### [WHAT YOU ARE ASKED TO DO]
Using the listing below, set down each line from the line containing "Vignes poussant près" through the line containing "skechers dark grey suede calf length boots", both ends included, exactly and with nothing added.

### [LISTED ENTRIES]
-------------------------

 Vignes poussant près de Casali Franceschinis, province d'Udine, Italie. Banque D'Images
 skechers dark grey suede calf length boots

-------------------------

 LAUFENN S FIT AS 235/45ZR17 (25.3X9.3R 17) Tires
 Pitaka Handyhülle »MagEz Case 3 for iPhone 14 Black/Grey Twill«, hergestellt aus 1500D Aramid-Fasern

-------------------------

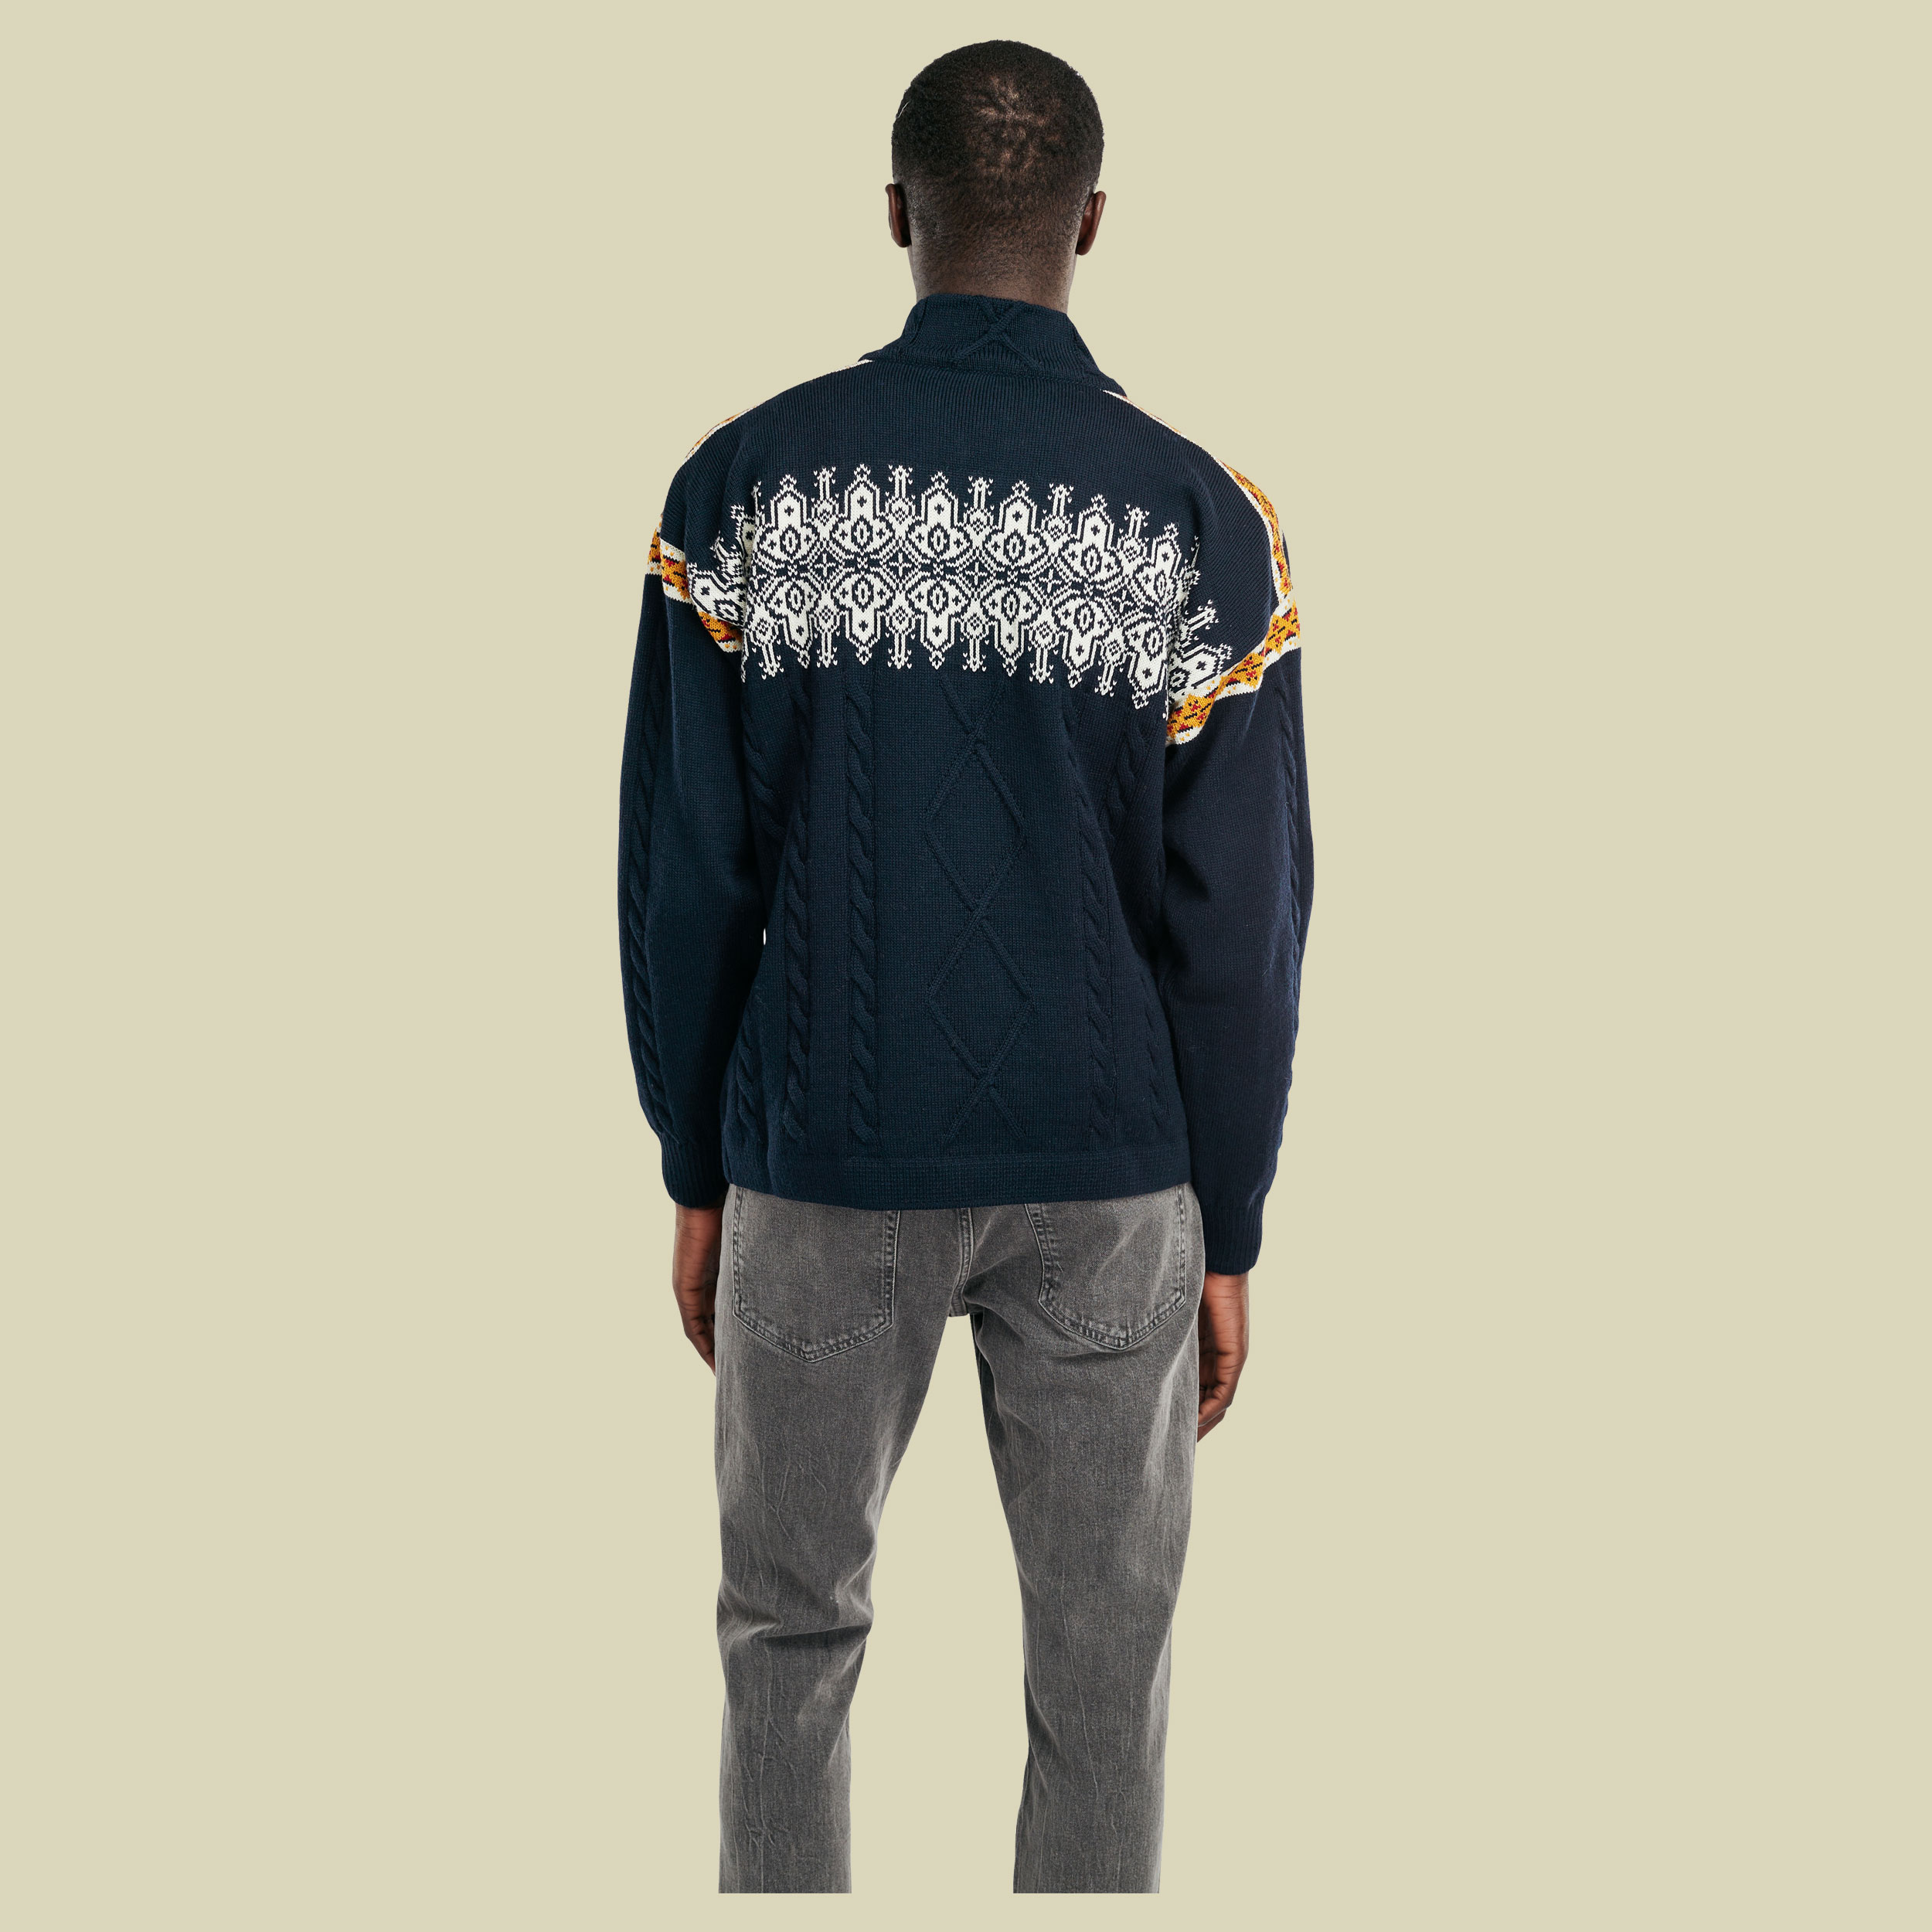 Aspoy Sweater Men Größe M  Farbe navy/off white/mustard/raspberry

-------------------------

### [EXERCISE OUTPUT]
 Vignes poussant près de Casali Franceschinis, province d'Udine, Italie. Banque D'Images
 skechers dark grey suede calf length boots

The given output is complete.